Mascella quadrata, occhi scuri e penetranti sotto le sopracciglia folte. Capelli imbrillantinati, all'indietro, sopra una testa quasi cubica. Questa è l'immagine che Nino Vingelli ha consegnato alla storia. Quella di un uomo piccolo ma di forte tempra, sul palcoscenico come sul set, specialmente quando si trattava di interpretare tipi loschi. Gennaro, un "guappo" contrabbandiere di sigarette, gli valse nel 1959 un Nastro d'argento come miglior attore non protagonista. Il film era "La sfida",  ambientato a Napoli e diretto da uno dei suoi più celebri "figli", Francesco Rosi. Anche Nino Vingelli era napoletano.

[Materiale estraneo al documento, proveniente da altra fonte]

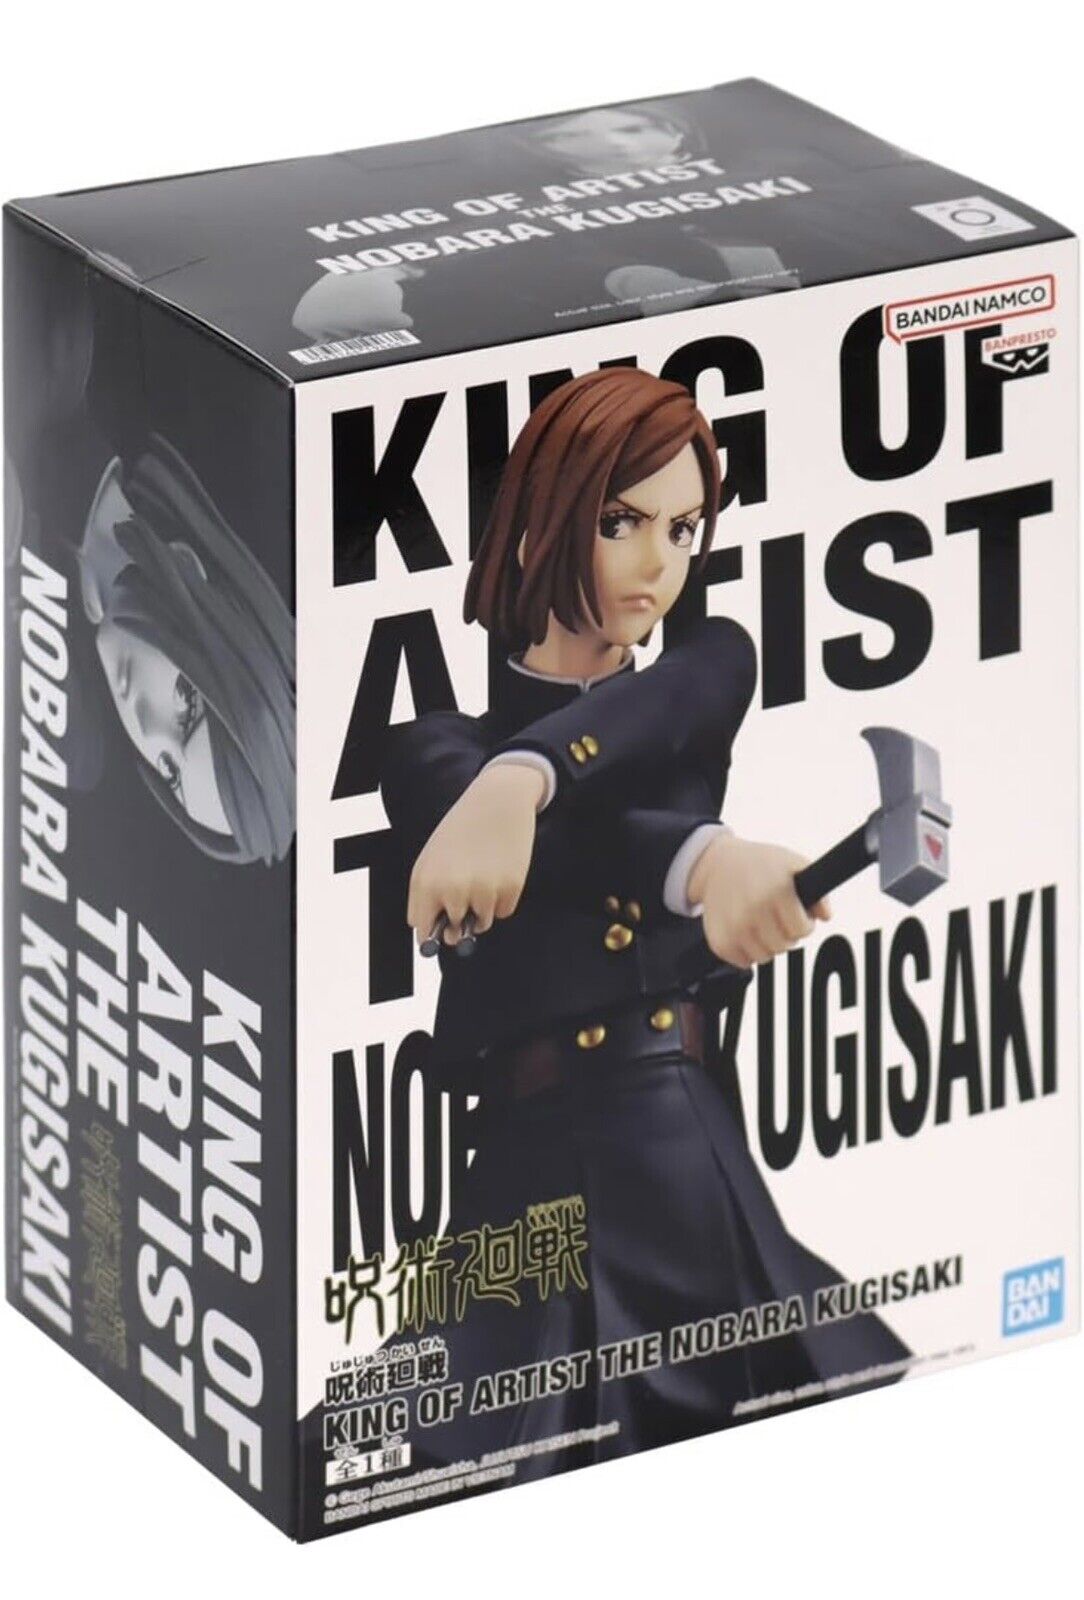 Jujutsu Kaisen KING OF ARTIST NOBARA KUGISAKI Figure - USA Seller

Dalla sua città - dove nacque il 4 giugno 1912 - Salvatore Vingelli (questo il suo vero nome) apprese l'arte del palcoscenico frequentando diverse filodrammatiche. Non solo la recitazione, ma anche il canto gli diedero modo di farsi conoscere negli ambienti teatrali. La sceneggiata divenne la sua arma vincente, tanto da "esportarla" nella Capitale, dove si trasferì negli anni '40. Qui, Nino Vingelli riuscì a crearsi un suo spazio, portando in scena classici della sceneggiata napoletana, come "Zappatore", ma soprattutto approdando al cinema. Grazie al suo talento e alle sue prerogative fisiche, Nino Vingelli divenne un pregevole caratterista, passando con disinvoltura da ruoli comici a drammatici. 


Nino Vingelli e José Suárez ne "La sfida" (1958) di Francesco Rosi.

Con Francesco Rosi, recitò ancora ne "I magliari", dove era Vincenzo, uno dei piazzisti napoletani trafficanti di stoffe nella Germania di fine anni '50. Ma fu anche il quasi omonimo don Vincenzino, venditore ambulante da cui la bella "Bersagliera"/Lollobrigida vorrebbe comprarsi un vistoso vestito in "Pane, amore e fantasia" di Comencini. E ancora fu don Gennaro "'o mbruglione", il finto sacerdote che chiede l'elemosina alla stazione centrale di Napoli in "Café Express" di Nanni Loy. 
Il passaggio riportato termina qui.